Kernel-first OSS for self-hosted AI agents.
The kernel is the product; the WebUI is an optional add-on.

Why This Project

There are already large open-source projects (for example, Open WebUI). AIgentOS is intentionally a lightweight baseline for running a local multi-turn chatbot in Docker, with a focus on simplicity and transparency.

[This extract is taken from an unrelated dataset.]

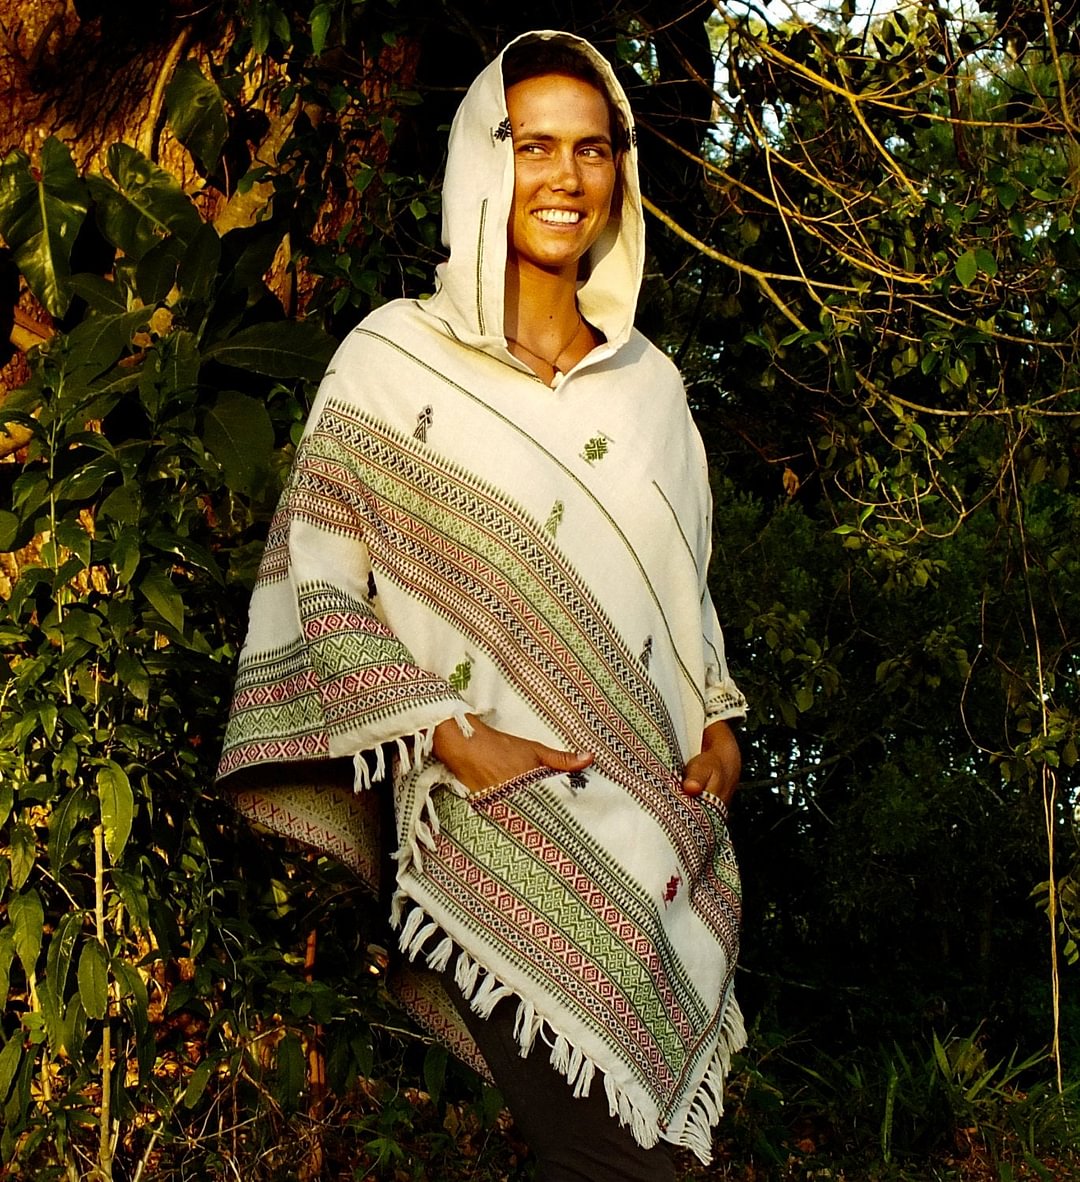 Handmade White Poncho with Hood Cashmere Wool, Earthy Tribal Pattern Festival Gypsy   Boho Bohemian Primitive Nomadic Mexican pockets

This project is built to provide:

  • A small, understandable codebase with clear backend behavior
  • Practical visibility into prompt/runtime logic and performance data
  • A kernel foundation for future agent systems, including alternatives to tool-calling workflows in later versions

This baseline comes from building multiple agents and needing an abstracted kernel to reuse across future agent experiences.

Who This Is For

  • People who want a highly personalized and consistent chatbot experience, and prefer stable, bounded behavior over constantly changing frontier features
  • People who care about security/privacy and want practical local capabilities (summarization, rubber-ducking, open-model experimentation) without heavy infrastructure

Project Scope (Current OSS Baseline)

This repository currently ships:

  • A FastAPI-based kernel (/kernel) with Ollama chat integration
  • Async dialogue worker that processes messages in the background with real-time streaming via SSE
  • Lightweight conversation memory backed by SQLite chunk storage and semantic retrieval (embedding-based)
  • Packaged MCP support, including a bundled MarkItDown MCP example for document import
  • Prompt component/profile management (/agent-prompts)
  • Local SQLite conversation and event storage in /models-local/chat.db
  • Performance/debug API surfaces with TTFT tracking, token breakdowns, and baseline benchmarking
  • A Vite/React WebUI (/agent-webui) as an optional interface

Current release line: v0.3.0-oss

Why One Repo (for now)

We keep kernel and WebUI in one repo right now for simpler OSS onboarding, versioning, and CI.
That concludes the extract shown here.